As the number of horned ewes increased, I started to look for the ideal sire to put to these ewes. The traits of the mule ewe appealed to me, so I chose the Blue Leicester.
Each year, we try to improve different aspects of the farm, scanning rates, fertiliser use, feed amounts, etc.
Over the next five years, it would be nice to expand the farm a little more to ensure it is viable to raise a family.
I also hope to attract more visitors to our farm and build on the positive feedback over the past number of years.

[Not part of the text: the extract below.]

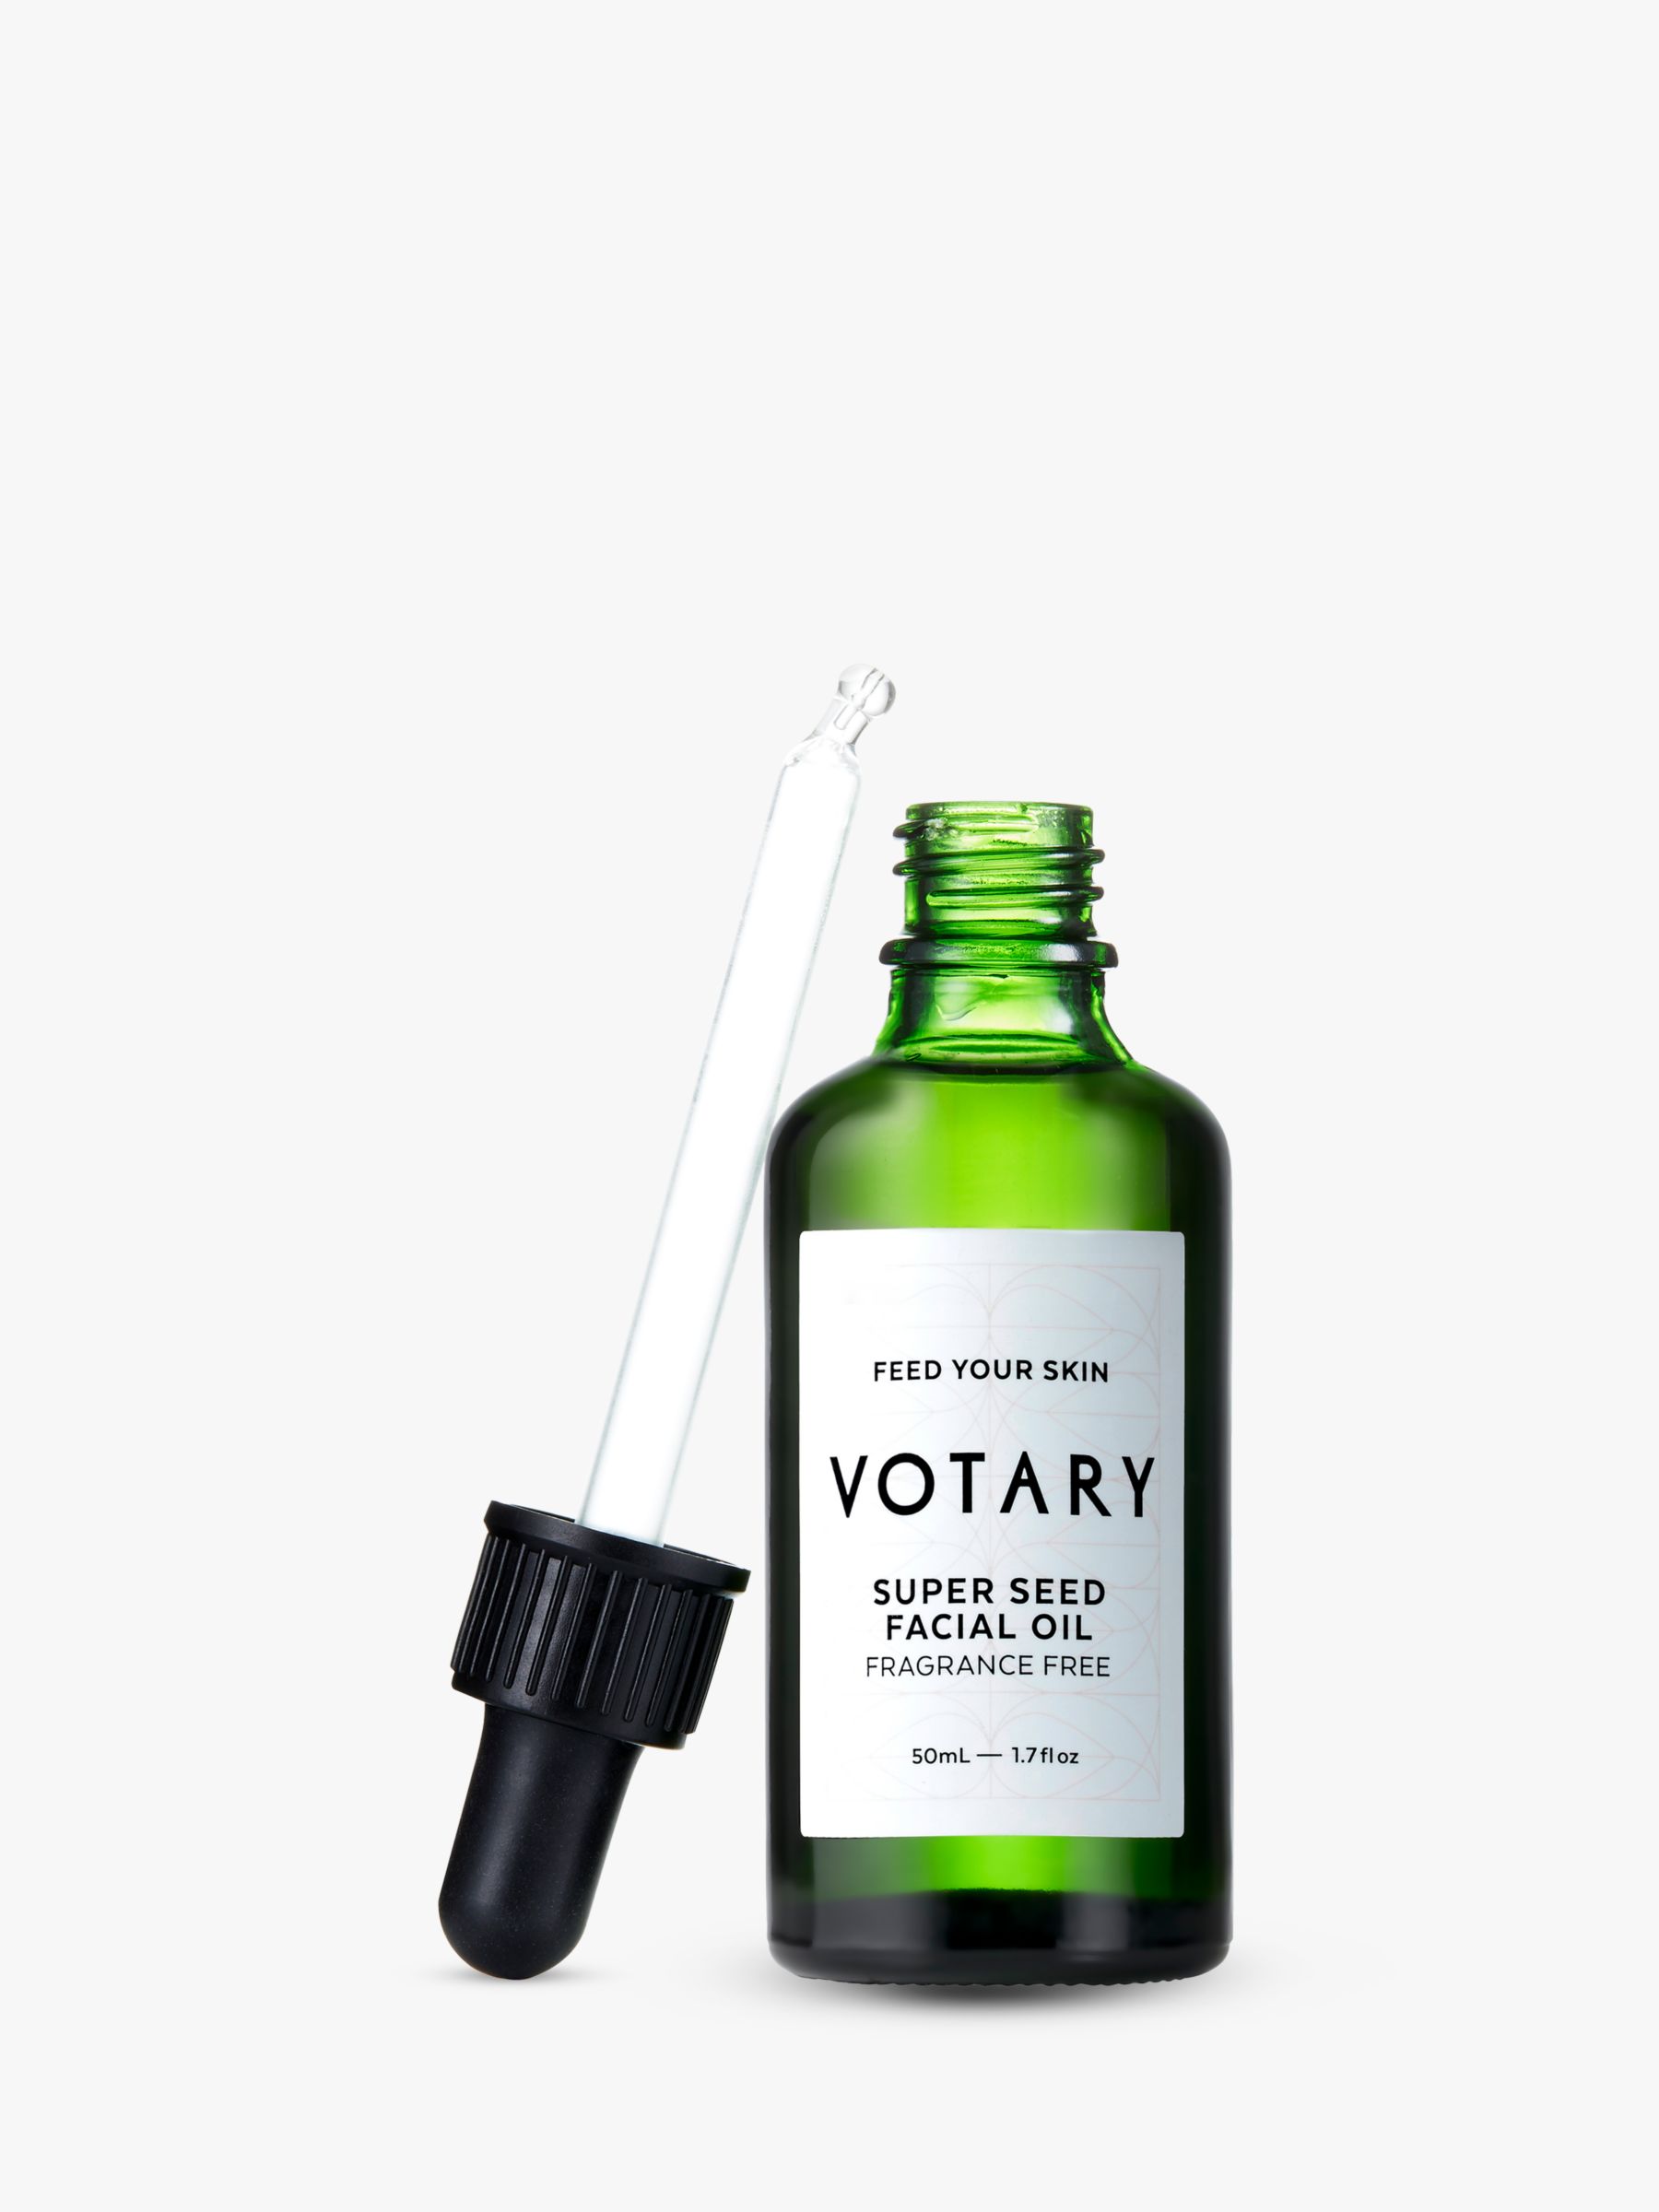 Votary Super Seed Facial Oil, Fragrance Free, 50ml 2
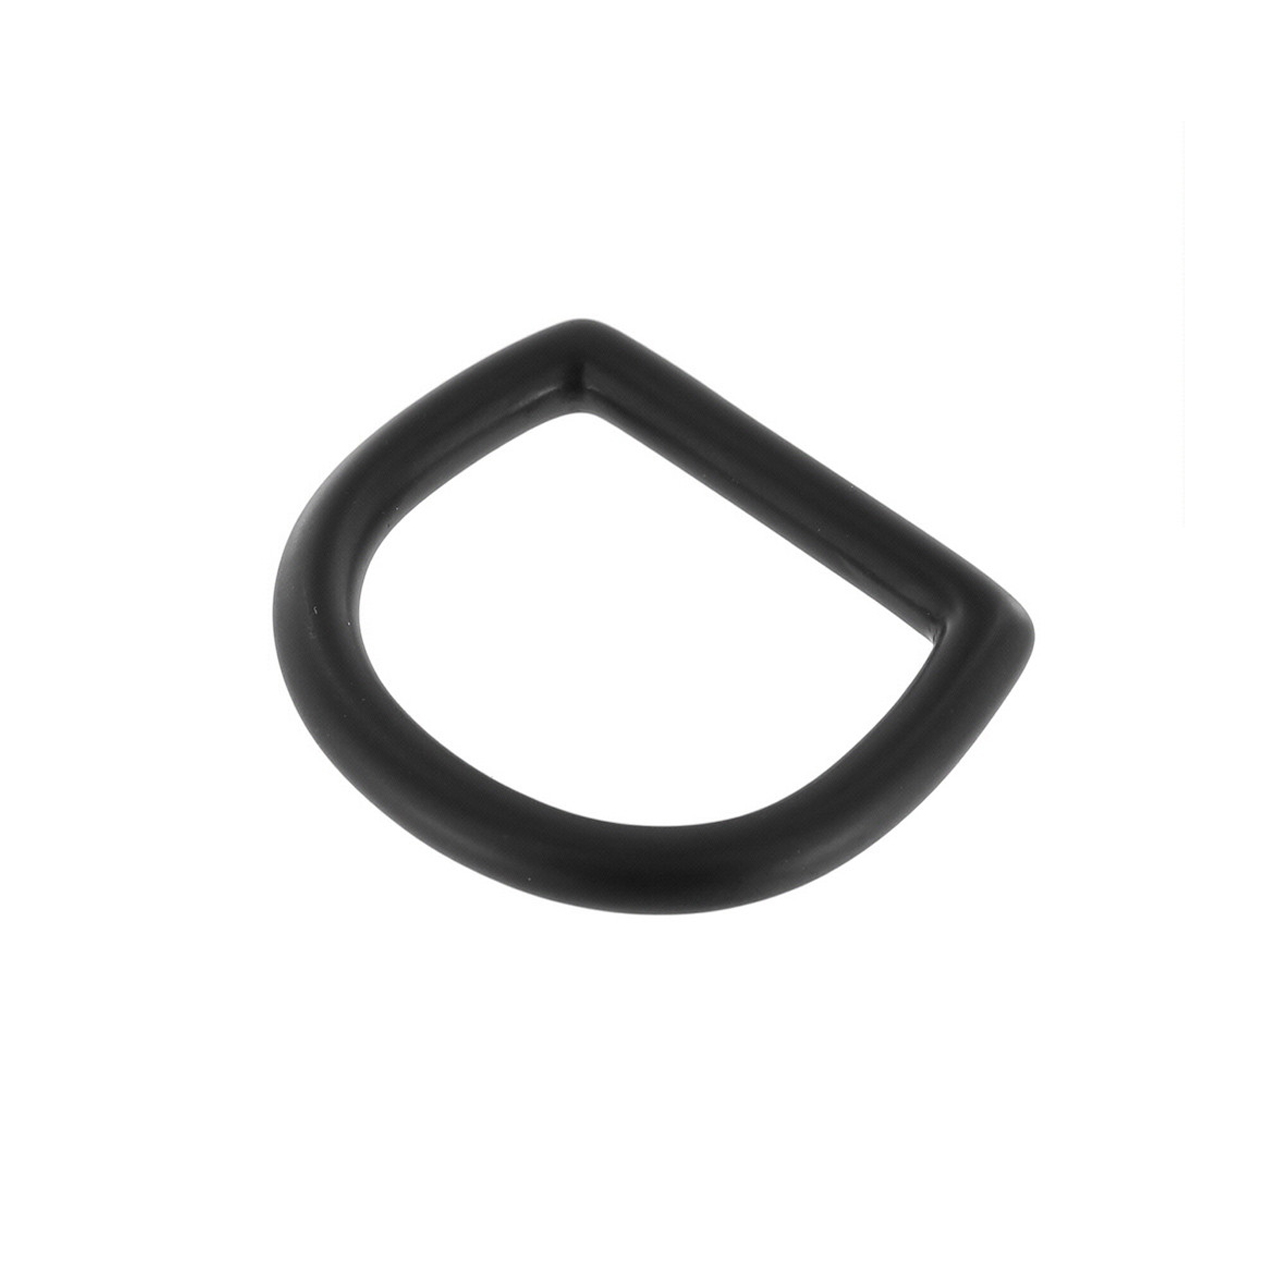 Metal D Ring Non Welded D-Rings Electroplated Black 1.25 Inch (100

Fertiliser prices and climate change
Sheep farming is currently going through a very positive period. However, unfortunately, at times like this, we need to plan for times when trade may not be so positive.
We have many unknown and immeasurable challenges facing farming over the next few years.
Just in the space of the last few months, we have witnessed a huge increase in the price of fertiliser, almost to the point of it not being economically viable to purchase.
We also have climate change which we will have to learn to adapt our practices to ensure we allow the production of good food without being detrimental to our landscape.
As I mentioned above, farming has been a passion since I was very young.
However, I am still learning something new every day. Farming is not a one-size-fits-all industry. We work with huge variables, from weather to land type.
I have learned that most problems in farming have been encountered by someone else previously, and often other farmers have the answers we are looking for.
Also, I have learned a lot from my dad and friends who I talk to. I would advise all young farmers never to be afraid to ask questions. And do not be afraid to take on the advice of others.”